Named after the Filipino word for fabric, Tela is the newest sustainable brand in town. It's designed by 19-year-old Alyssa Lagon, daughter to the forces behind popular Filipino fashion brand BAYO. "For BAYO, since everything is done in-house, I could see first-hand the textile scraps that are produced every year," Alyssa shares. "I thought to myself, 'What can I do to transform this waste into something useful?' And that's where the idea of creating a sustainable brand — which is now Tela — came to mind."
Alyssa Lagon, Owner of Tela
From the first step to the finishing touches, Tela's vision is to cultivate a mindful connection between the makers and buyers by engaging local craftsmen, through their partner, the BAYO Foundation.
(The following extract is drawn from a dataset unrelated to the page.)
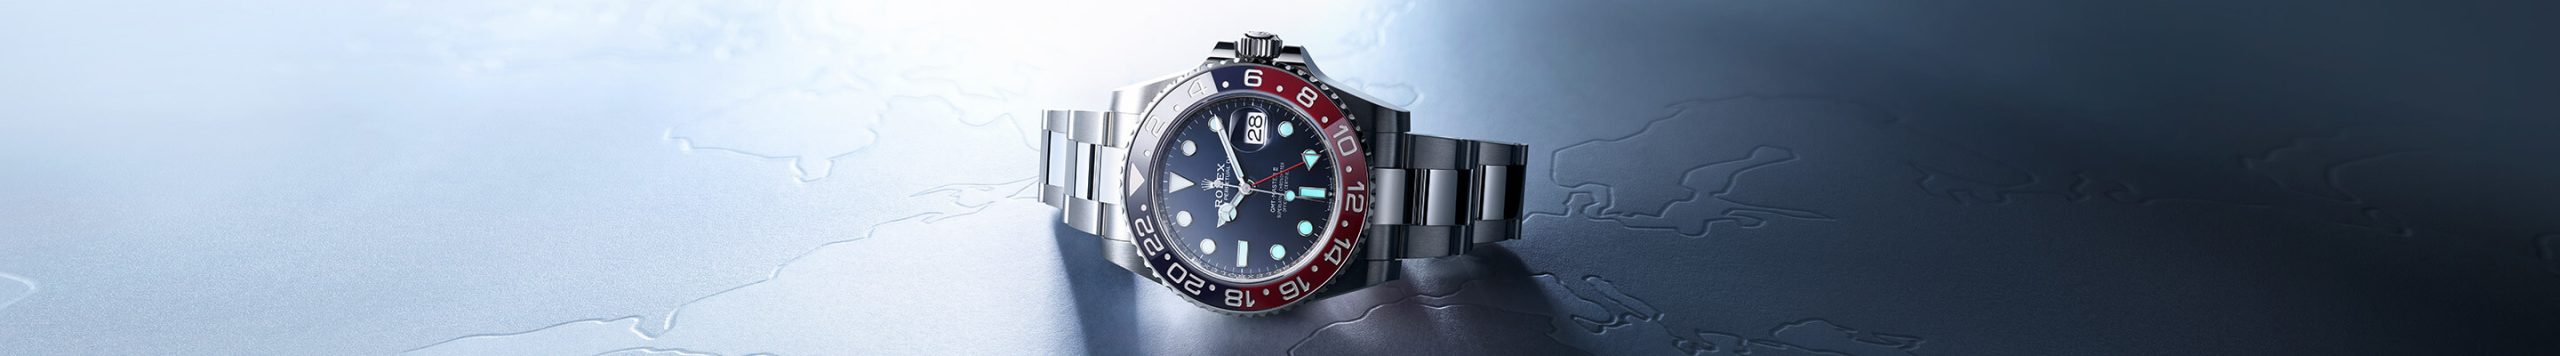 Rolex_GMT Master II_m126719blro-0003_Cortina Watch

Excess fabrics from BAYO and other affiliate brands are donated to the foundation and is forwarded to weaving communities like the one in Argao, Cebu via ANTHILL Fabrics. Once these scraps are made into useable woven fabrics, BAYO Foundation buys them back and sells them to fashion brands. Thus, a cycle of sustainability is fostered.
Another daring move that Tela makes in the name of sustainable fashion is its decision to steer clear of buttons and zippers, which can add to environmental waste. When asked what could be done to fasten the dress and shape it to the body, Alyssa says, "We designed the pieces to fit the bodice through the use of adjustable fabric straps which you can tighten."
Tela uses adjustable straps instead of zippers and buttons
Tela kickstarts their debut with three collections: Refresh (spotlights natural fibres), Revive (highlights traditional weaving), and Renew (special upcycled pieces made from fabric scraps).
Pieces from the refresh collection are sleek and made from natural fibres
The revive collection showcases the art of traditional Filipino weaving
The renew collection are made from production scraps that are given new life
Aside from producing chic minimalist clothing, Tela also puts thought into the little things like its hang tags, which are made of mint seed paper that you can plant.